Statistical tests such as repeated measures ANOVA assume sphericity, meaning that the variances of the differences between all possible pairs of groups are equal. Whereas assumption of normality of distribution may be overlooked in some cases due to the robustness of ANOVA, the assumption of sphericity in repeated measures ANOVA must be met. Violating this assumption may severely compromise the interpretation of the test results.
Mauchly’s sphericity test checks this assumption for you.
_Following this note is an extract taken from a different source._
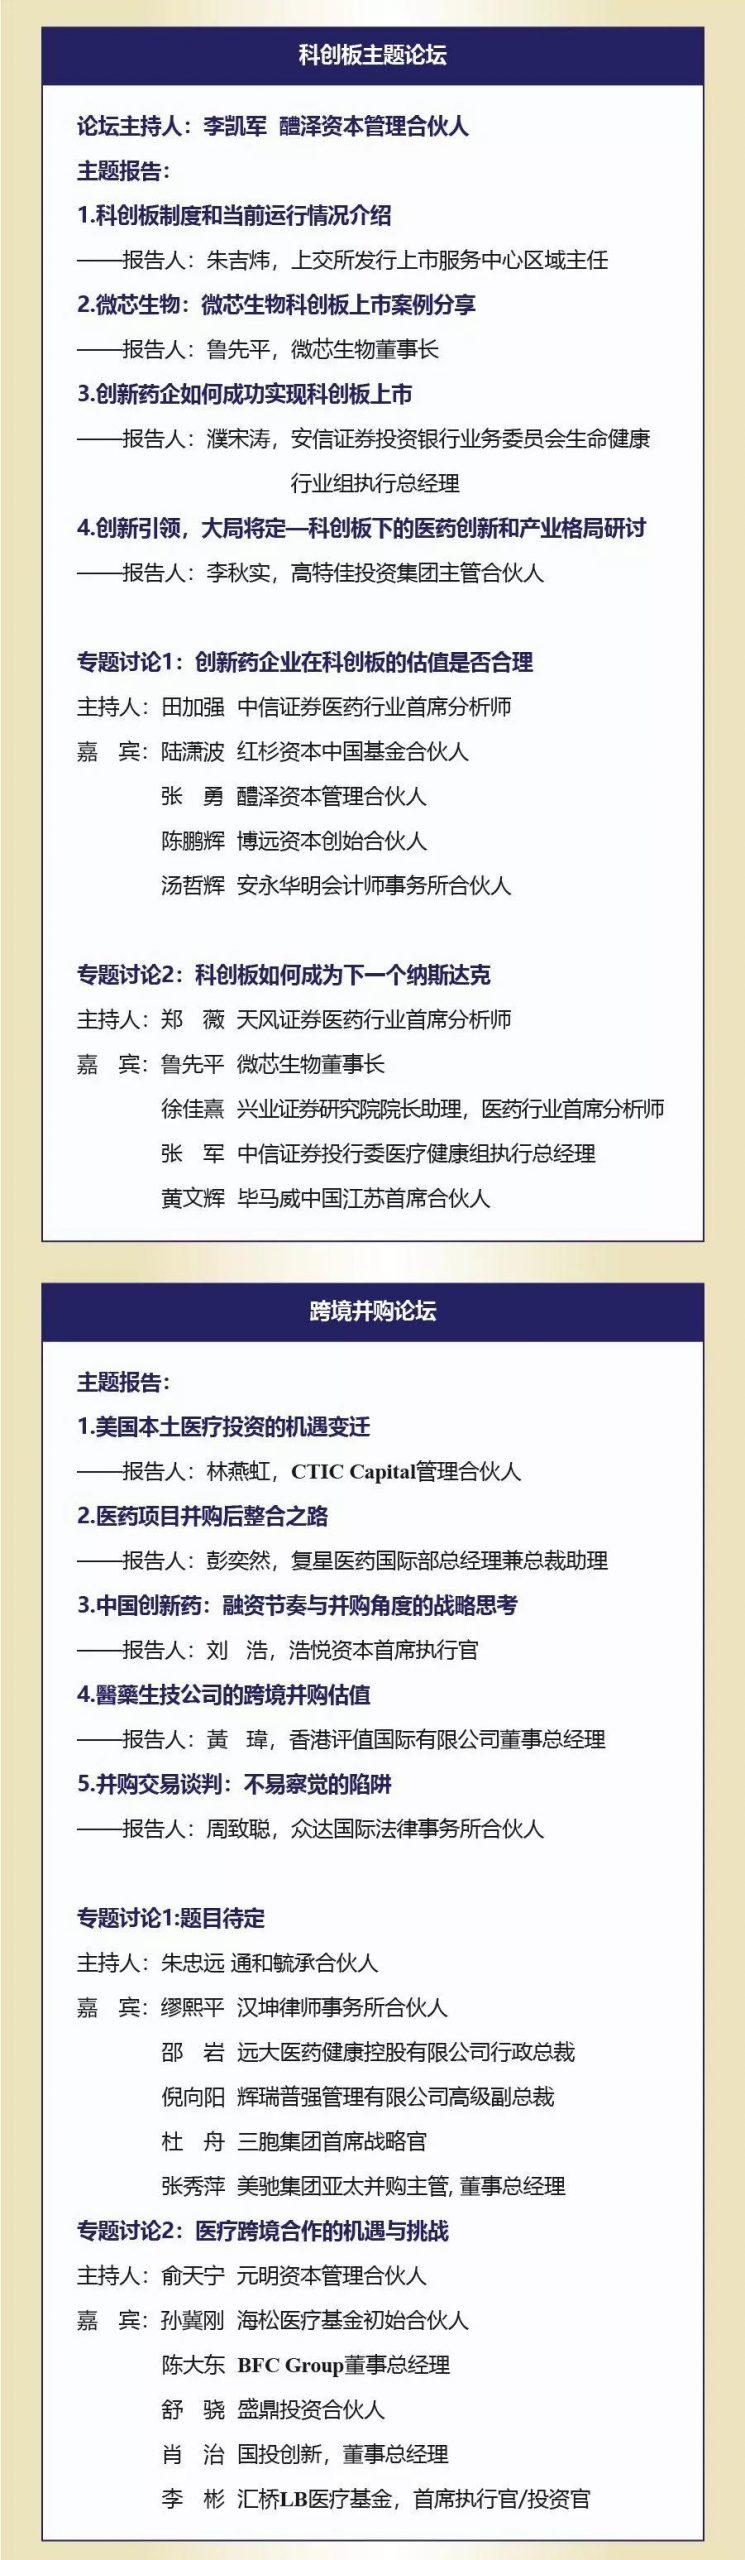 第四届创投大会(CBIIC)今日召开 大会在线日程轻松查看!

The null hypothesis
H0 in this test states that there is no difference in variances for all pairwise group comparisons. In R, the main function is
mauchly.test(). However, running it is not that straight forward. It involves building a matrix with the dataset to be tested, whereas your data is usually nicely arranged in a dataframe.
Let’s see how this is done using the same example as for repeated measures ANOVA. Here, 5 rats are weighed 4 times with intervals of 4 weeks (week8 to 20). This is the code for the dataframe:
# response variable rat.weight <- c(164,164,158,159,155,220,230,226,227,222,261,275,264,280,272,306,326,320,330,312) # predictor variable time.point <- as.factor(c(rep("week08",5), rep("week12",5), rep("week16",5), rep("week20",5))) # individual ID rat.ID <- as.factor(rep(c("rat1","rat2","rat3", "rat4", "rat5"),4)) # dataframe my.dataframe <- data.frame(rat.ID,time.point,rat.weight)
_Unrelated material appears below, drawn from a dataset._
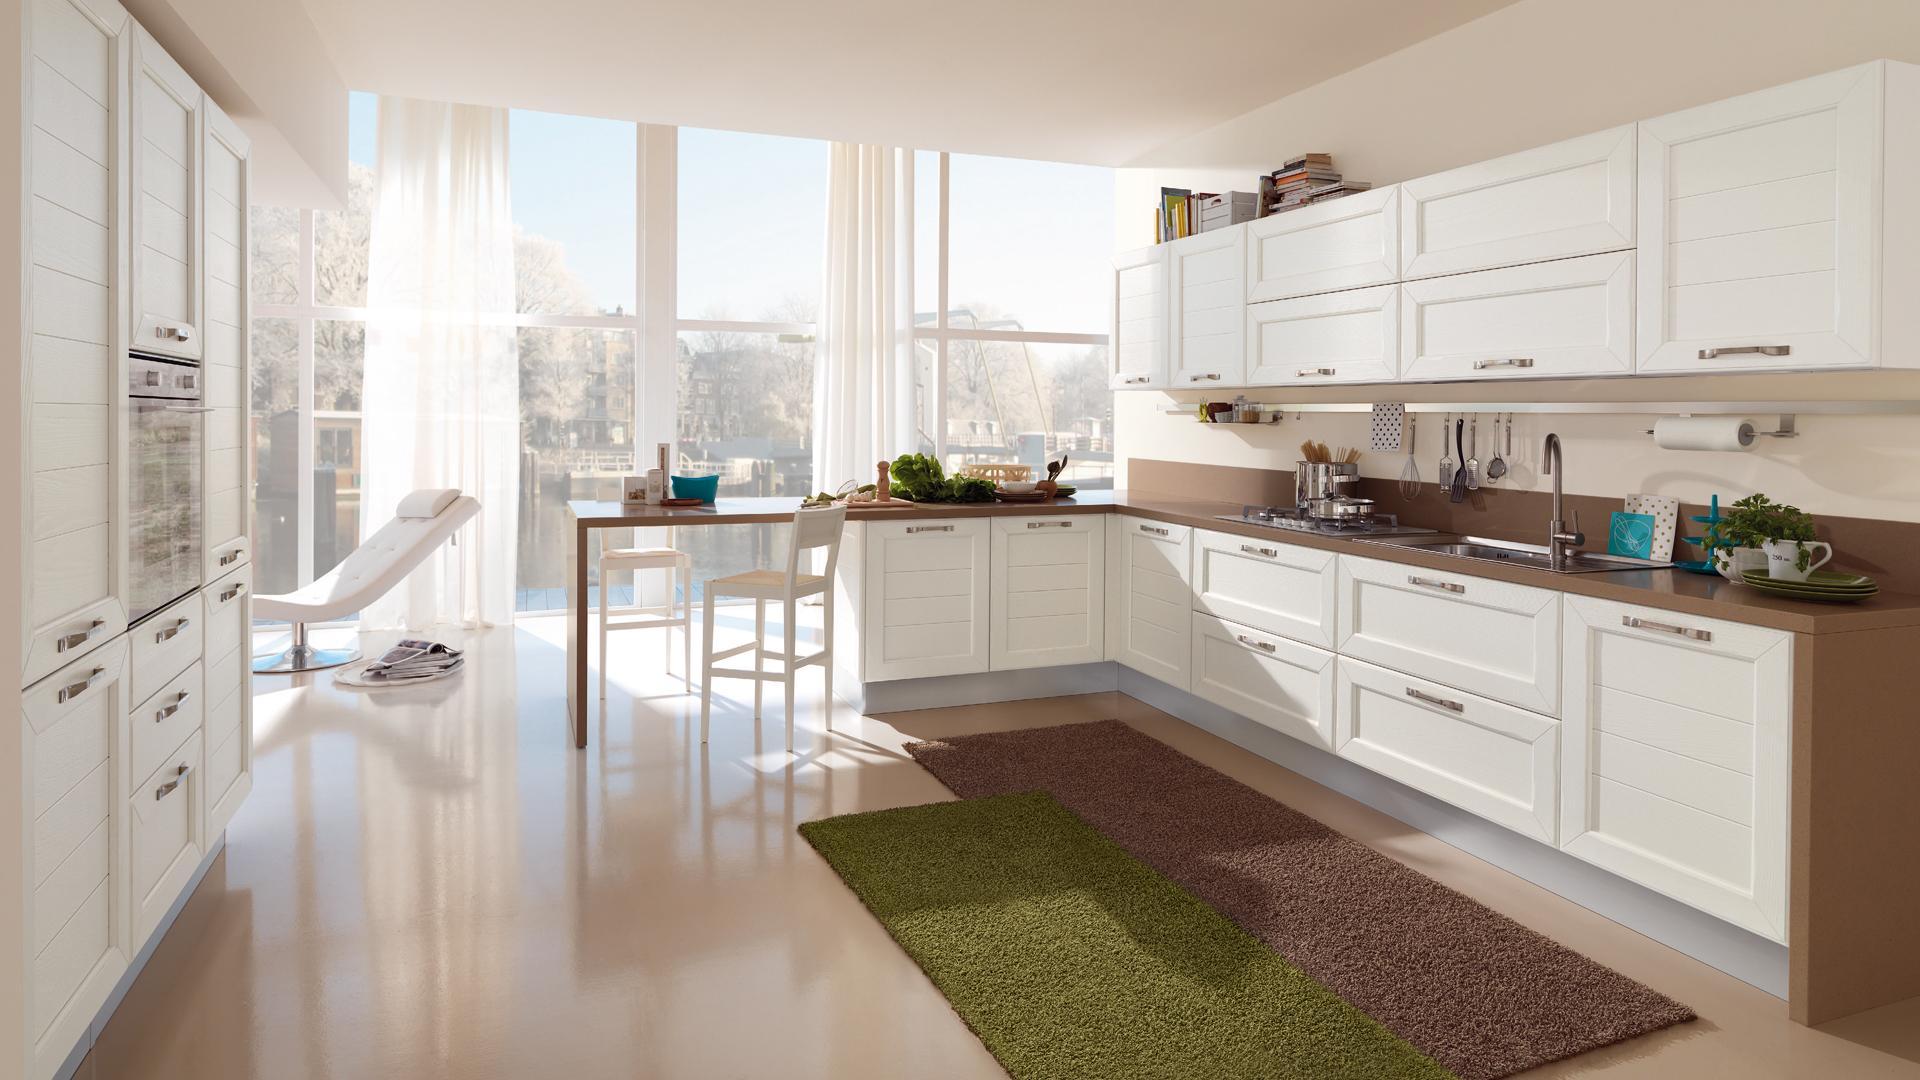 Cucine Lube ad angolo, i suggerimenti per arredare - Lube ...

We start by creating a matrix called
neo that contains the data
rat.weight. In that matrix, the 5 individuals will be shown in rows, and time points in column. Here is the code:
neo <- matrix(rat.weight, nrow = 5, ncol = 4) neo
## [,1] [,2] [,3] [,4] ## [1,] 164 220 261 306 ## [2,] 164 230 275 326 ## [3,] 158 226 264 320 ## [4,] 159 227 280 330 ## [5,] 155 222 272 312
Now that the matrix is in place, we can used
mauchly.test() (in combination with
lm()) to test for sphericity:
mauchly.test(lm(neo ~ 1), X = ~ 1)
## ## Mauchly's test of sphericity ## Contrasts orthogonal to ## ~1 ## ## ## data: SSD matrix from lm(formula = neo ~ 1) ## W = 0.15303, p-value = 0.4294
The output returns a p-value over 0.05 meaning that the null hypothesis stating that there is no difference in variances for all pairwise group comparisons is accepted.